*** Opening EXERCISE DATA ***

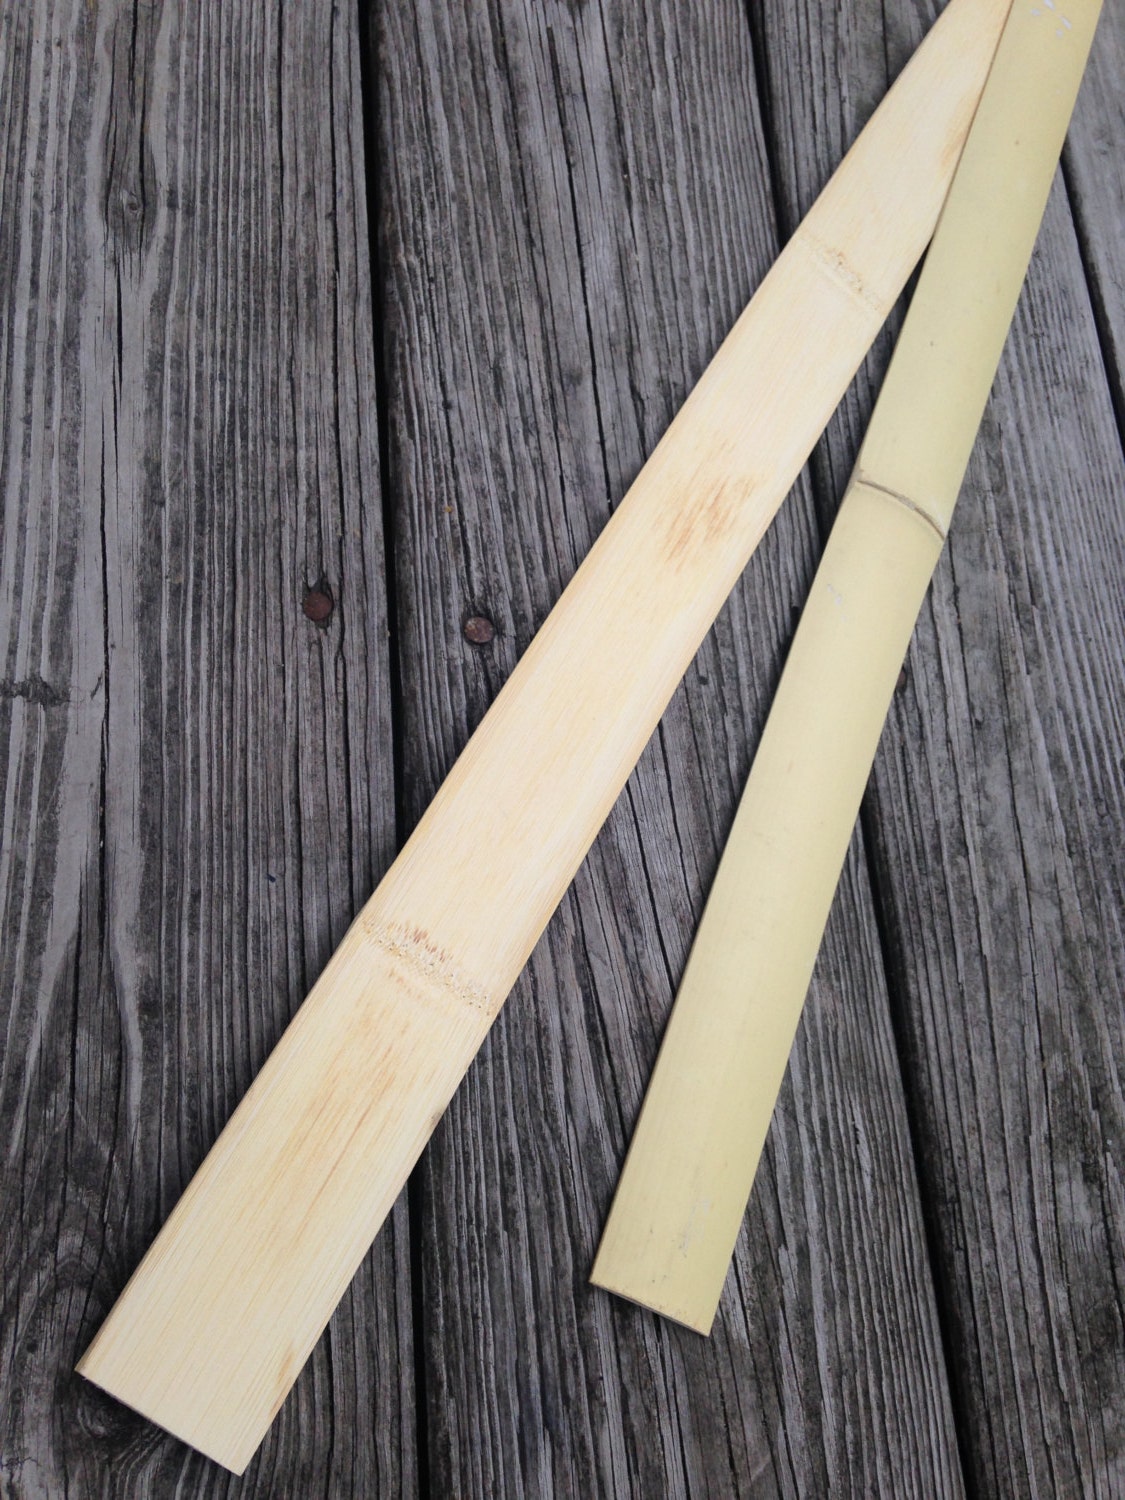 Bow Builders !! Need help with some Thin, tapered, wood strips
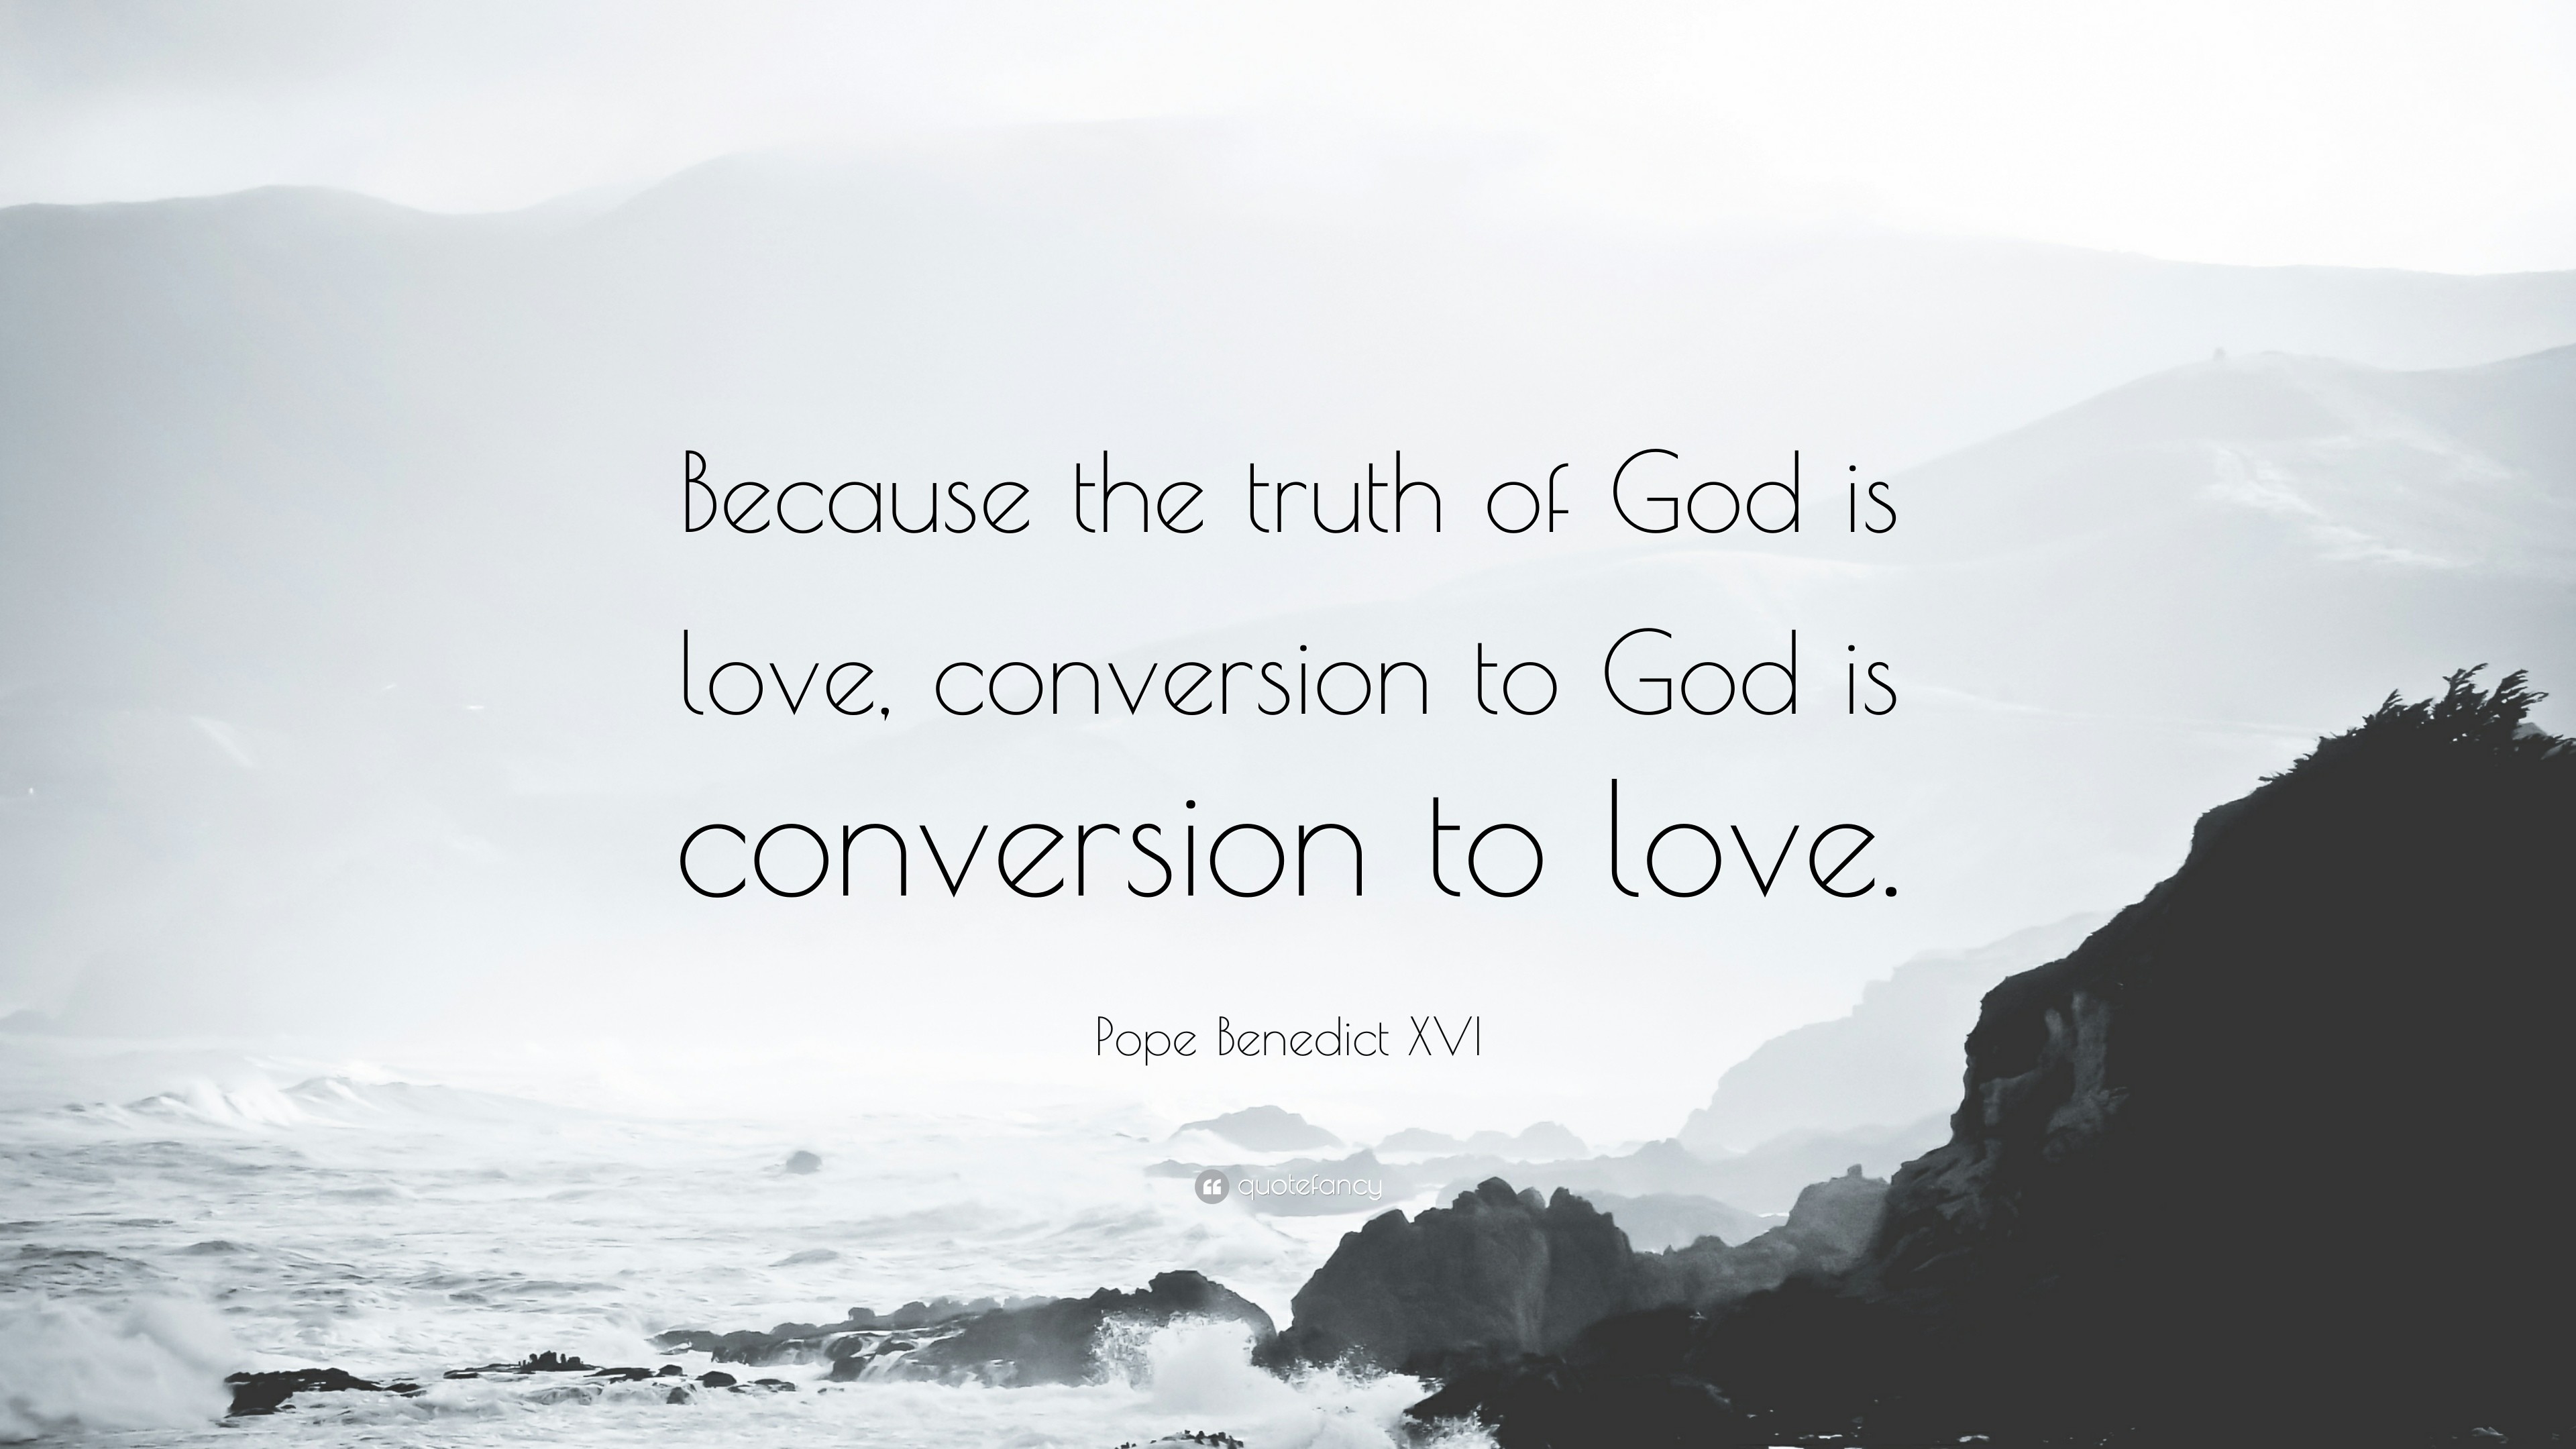 3840x2160 Pope Benedict XVI Quote: “Because the truth of God is love, conversion to
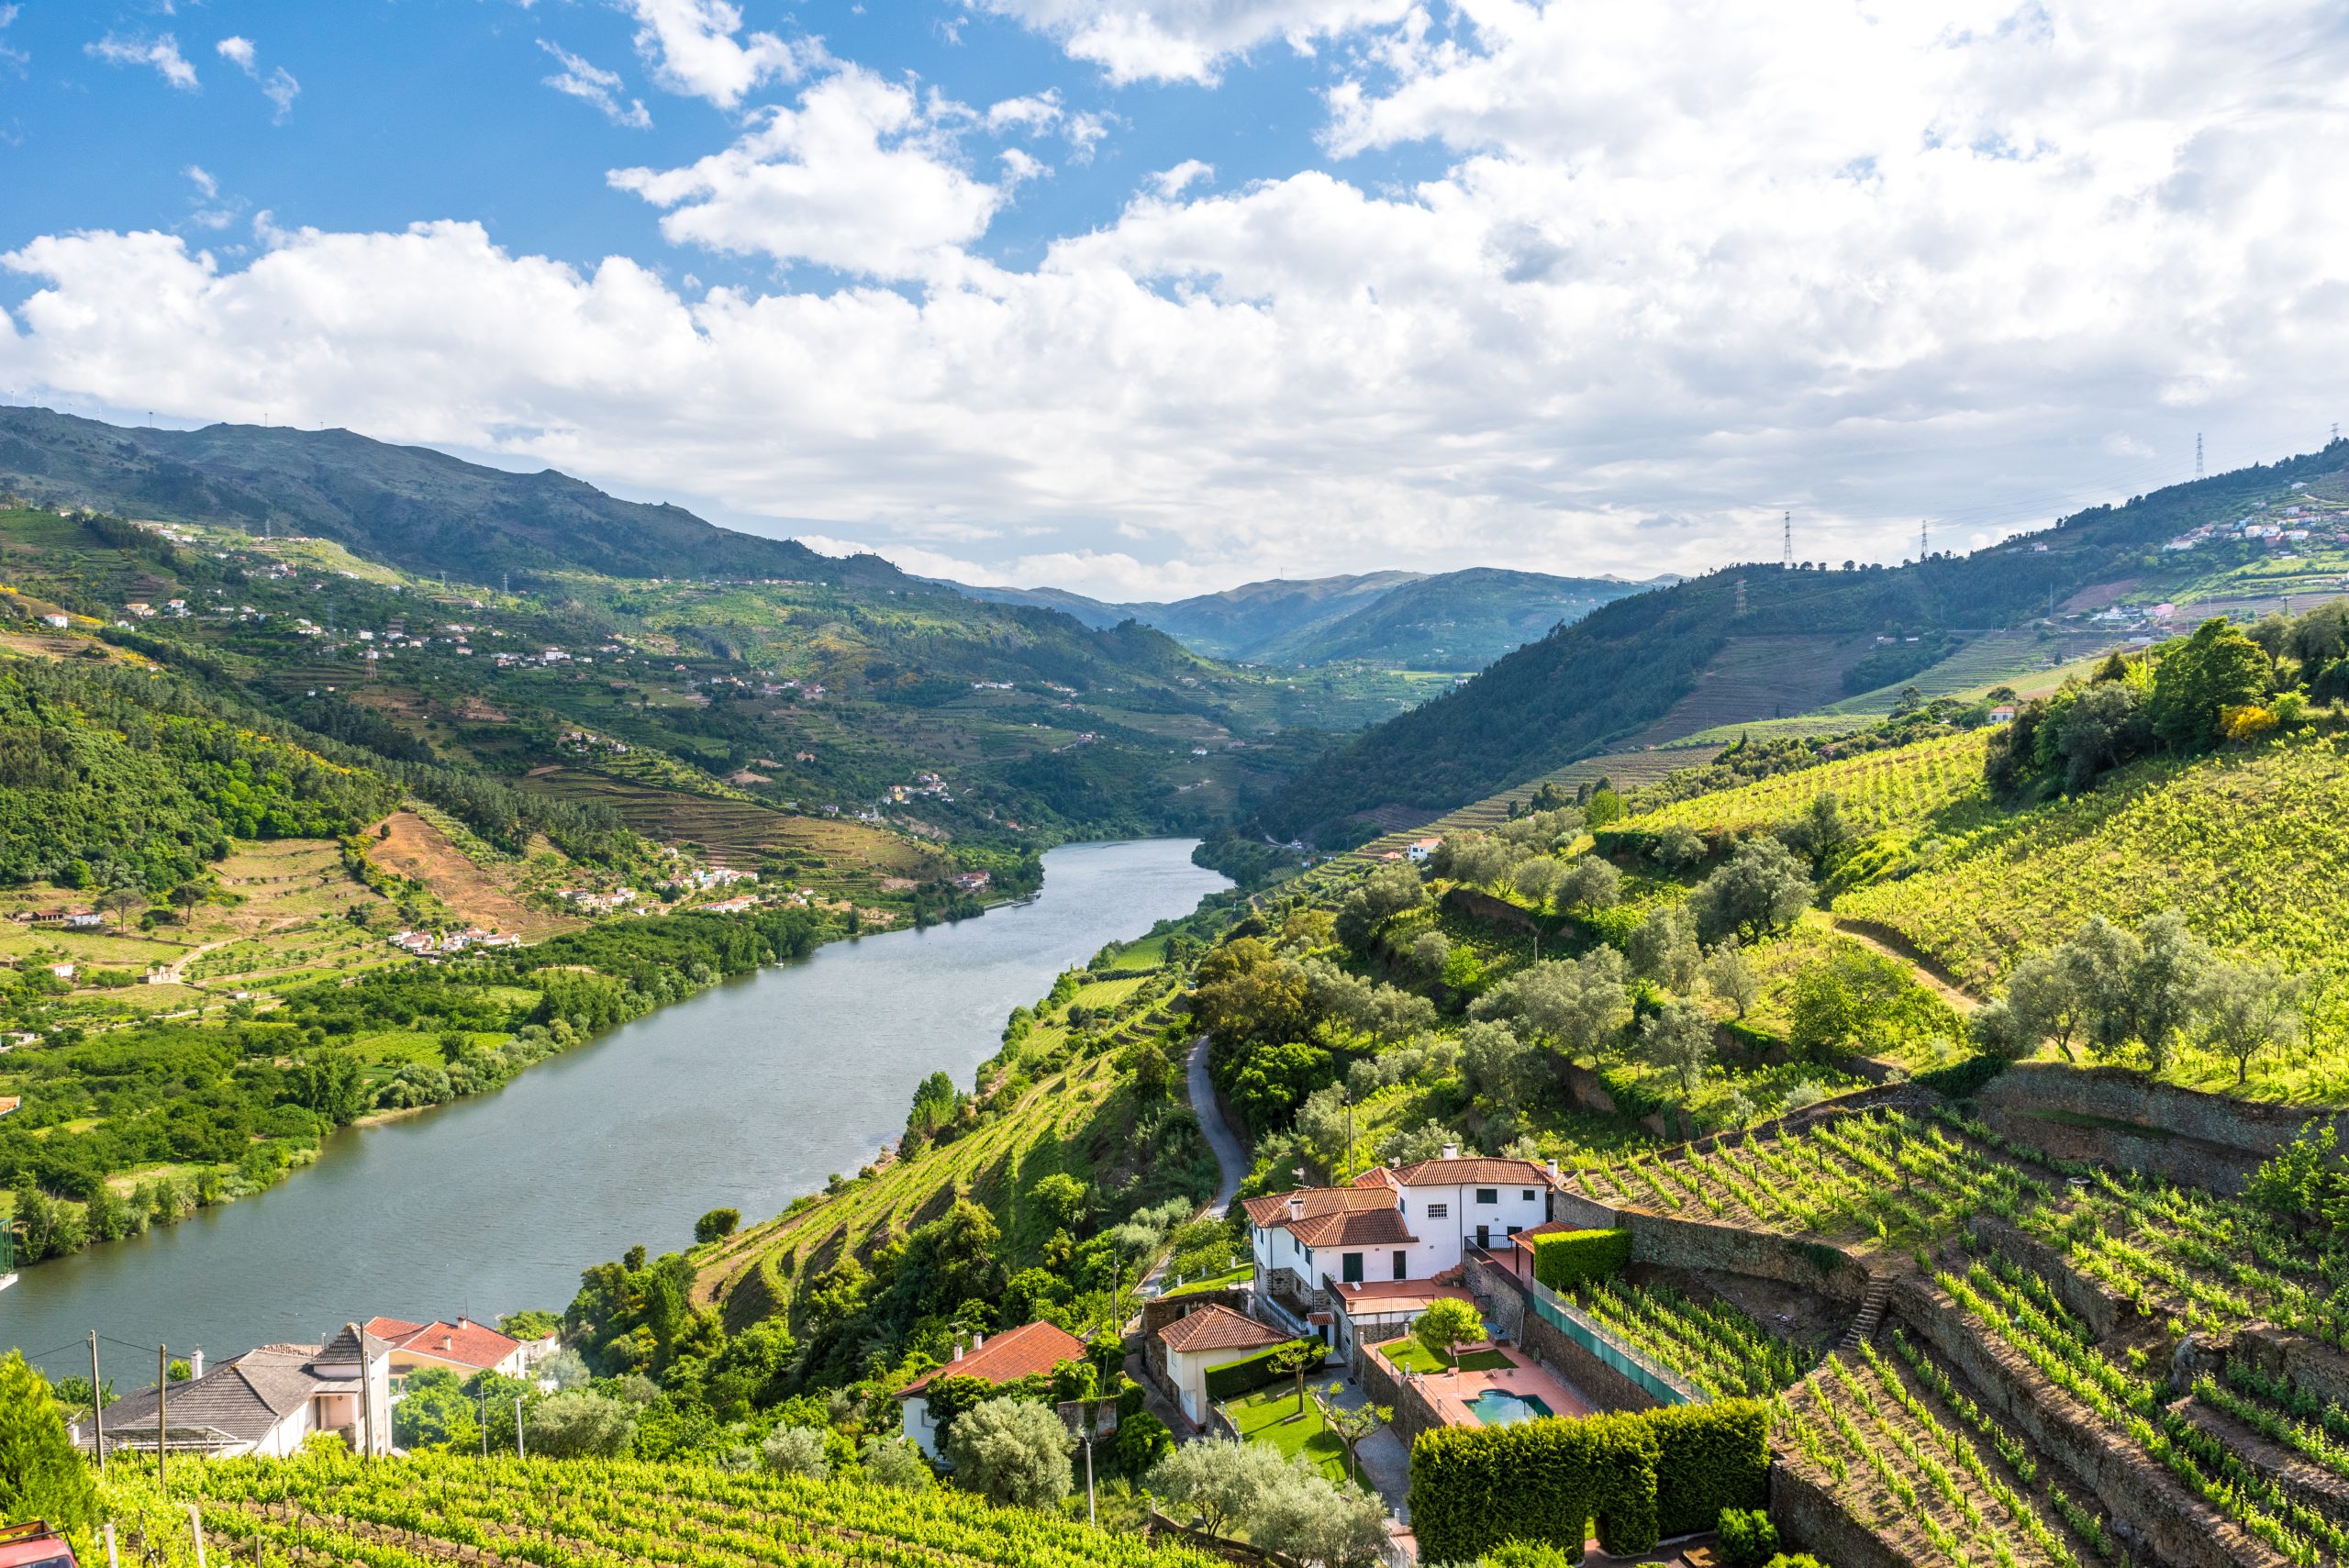 Douro River Valley Cruise with Chateau Montelena

*** Closing EXERCISE DATA ***

● **WHAT IS BEING ASKED**
In your output, repeat the listing above exactly and include none of the pictures.

● **TASK RESPONSE**
 Bow Builders !! Need help with some Thin, tapered, wood strips
 3840x2160 Pope Benedict XVI Quote: “Because the truth of God is love, conversion to
 Douro River Valley Cruise with Chateau Montelena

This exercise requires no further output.